§ **DATA SHOWN**:
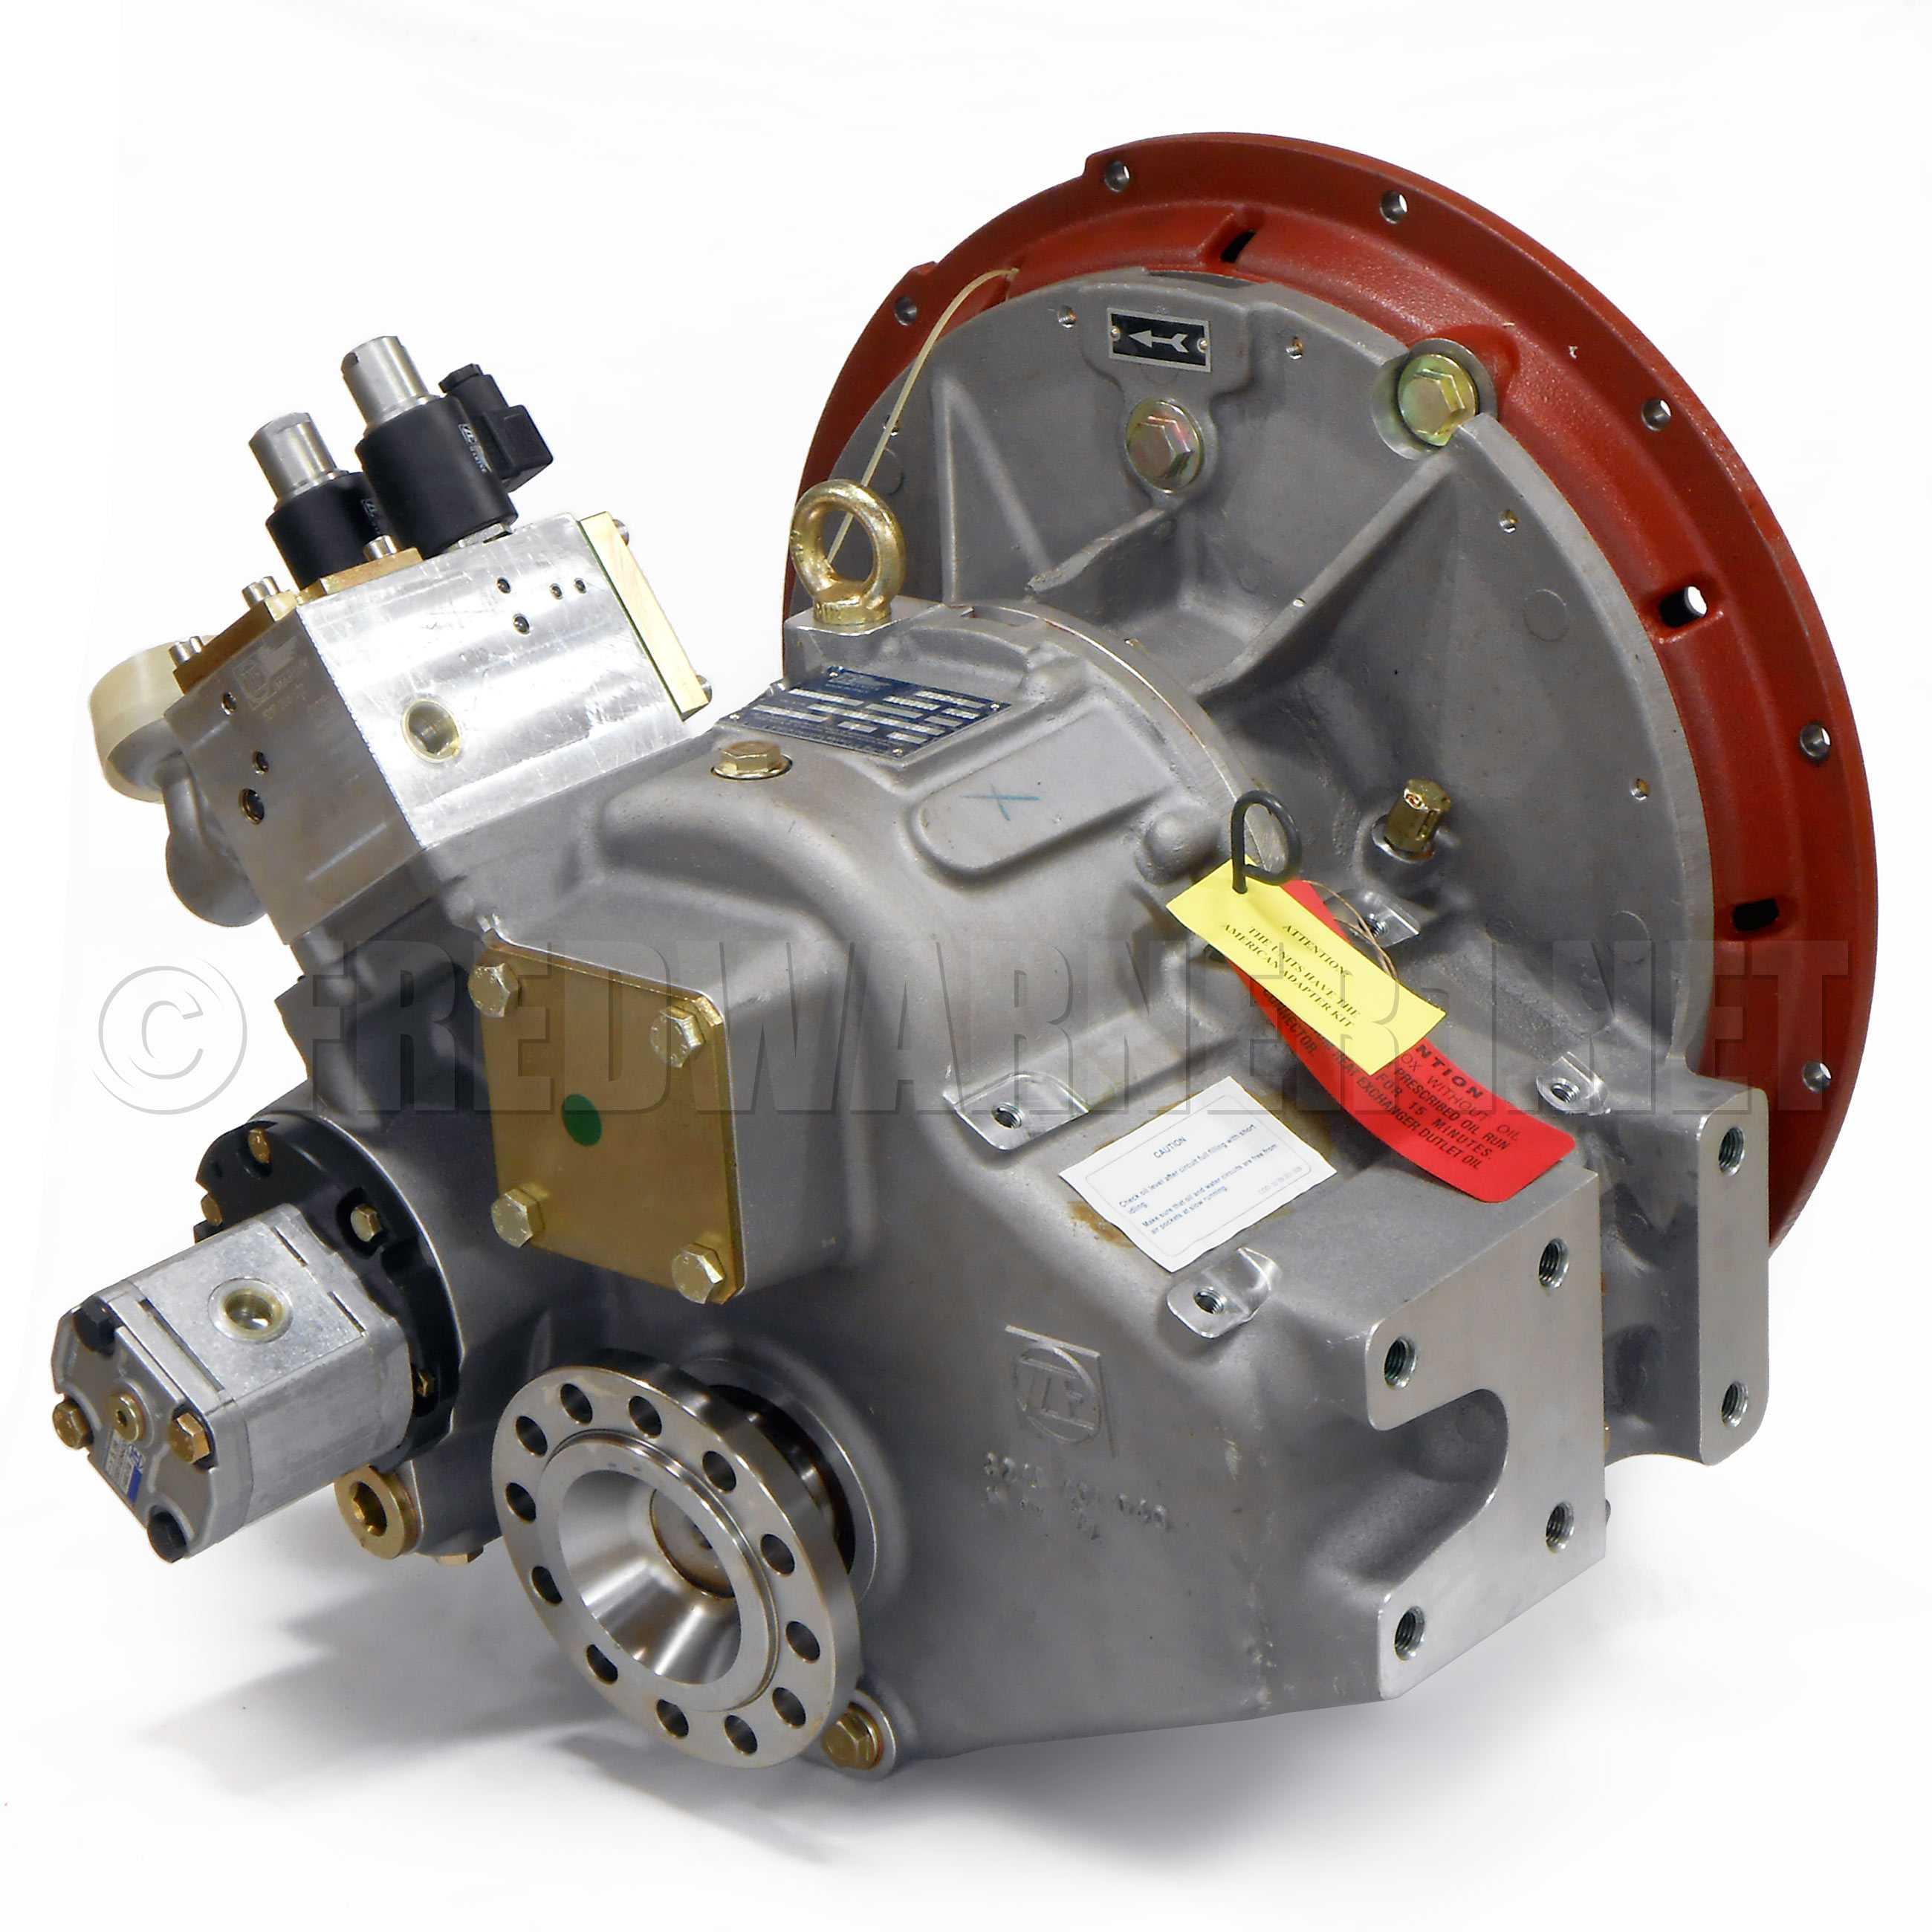 ZF 325-1A 1 733:1 Marine Boat Transmission 24V Down-Angle 3214001038 VKE  4011S
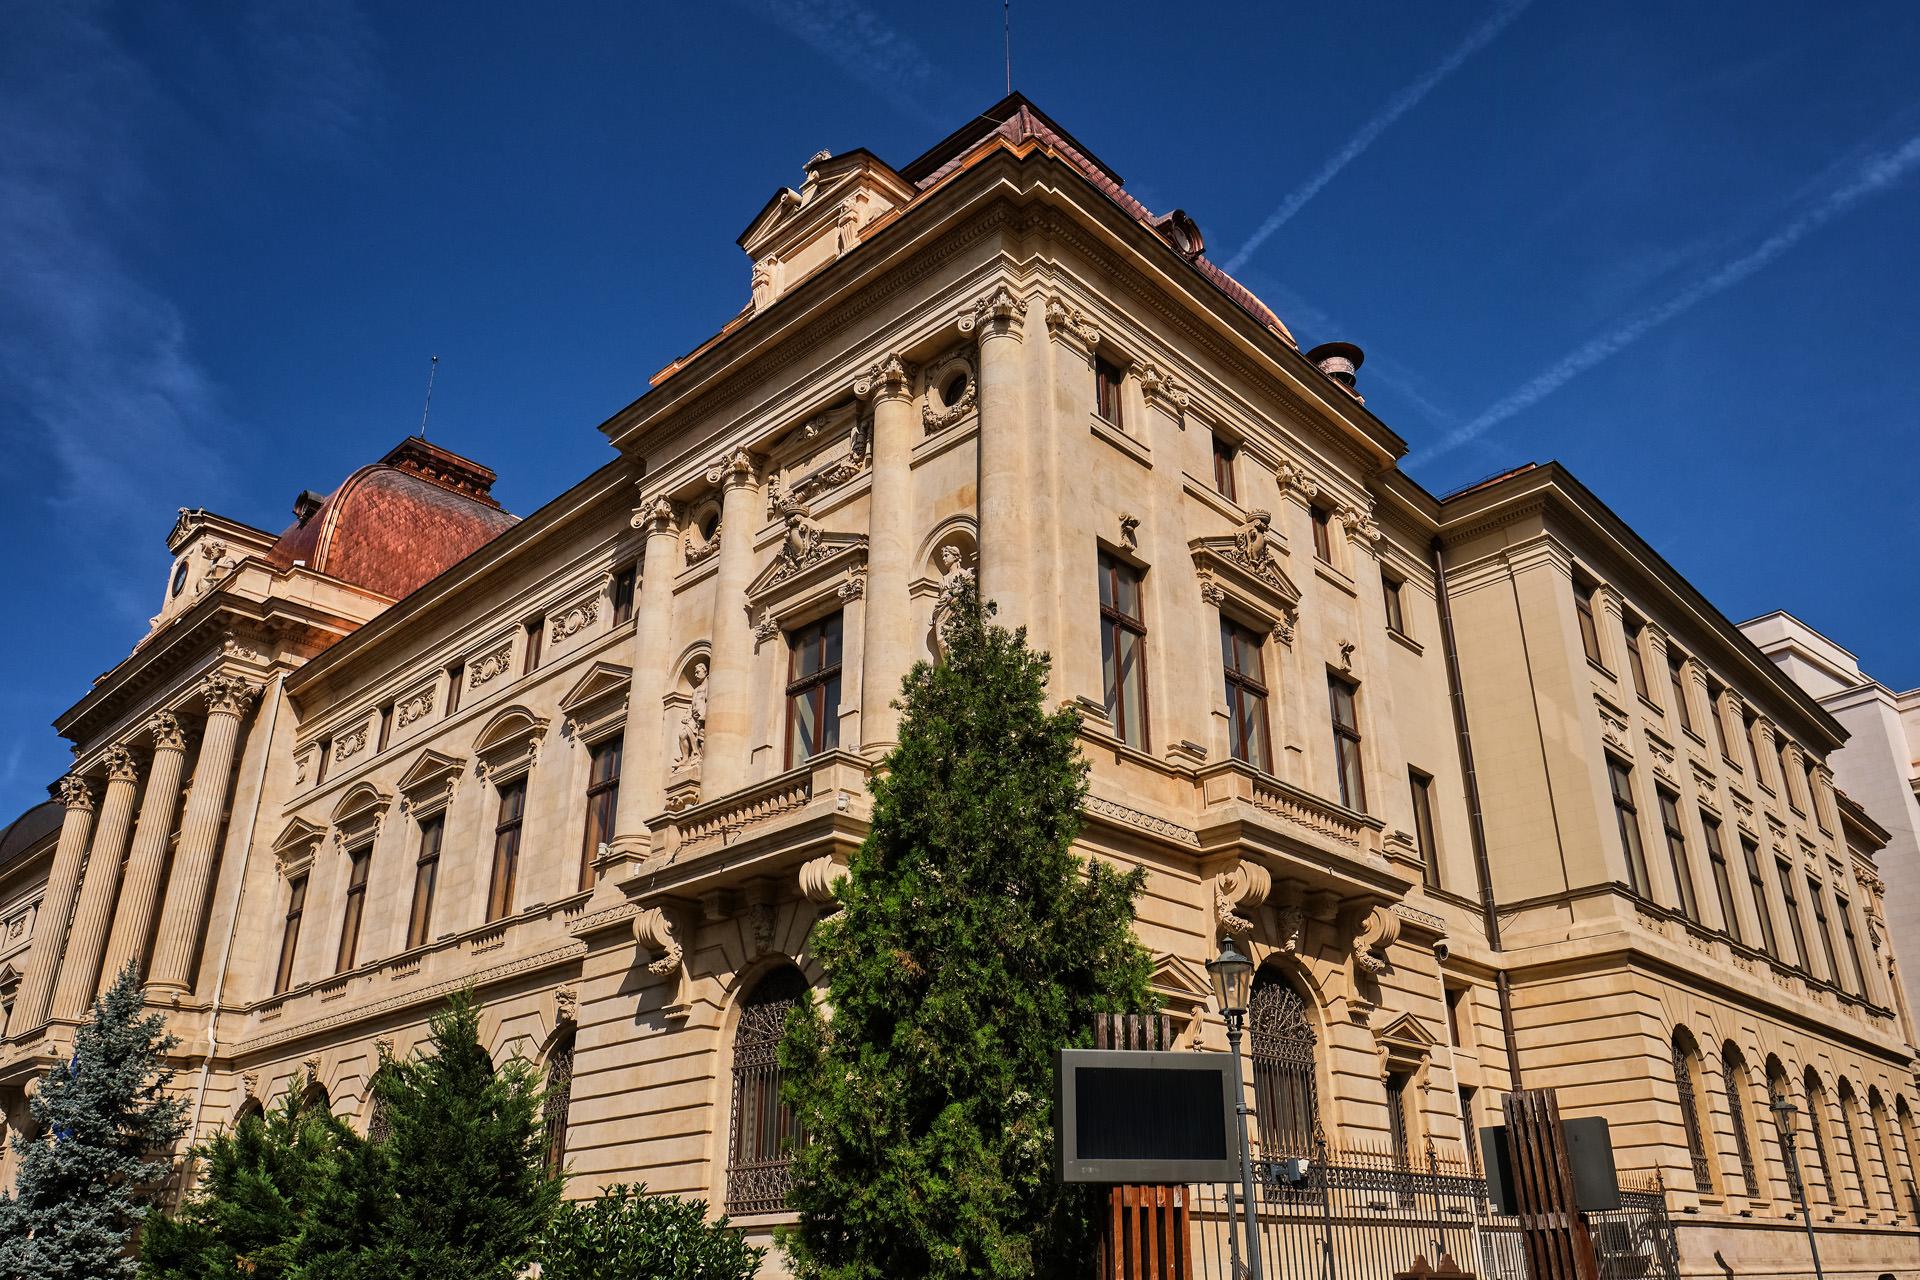 Bucharest Old Town 02
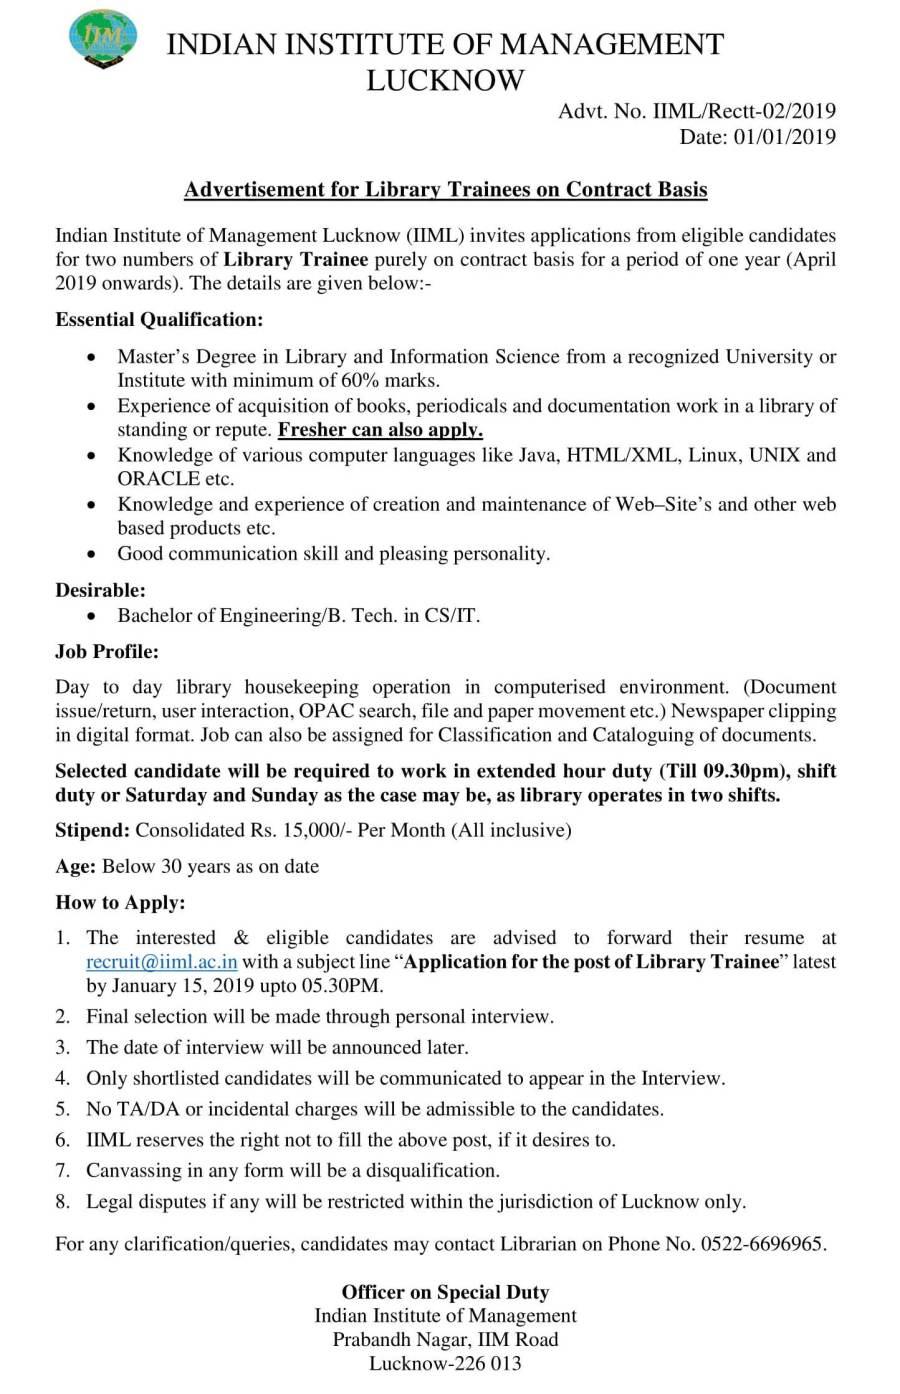 Library-Trainee-Advt-02-01-2019-1.jpg

§ **WORK TASK**: The lines to repeat run from the line containing "Bucharest Old Town 02" through the end of the listing above, both included; give them exactly and without pictures.

§ **TASK OUTPUT**:
 Bucharest Old Town 02
 Library-Trainee-Advt-02-01-2019-1.jpg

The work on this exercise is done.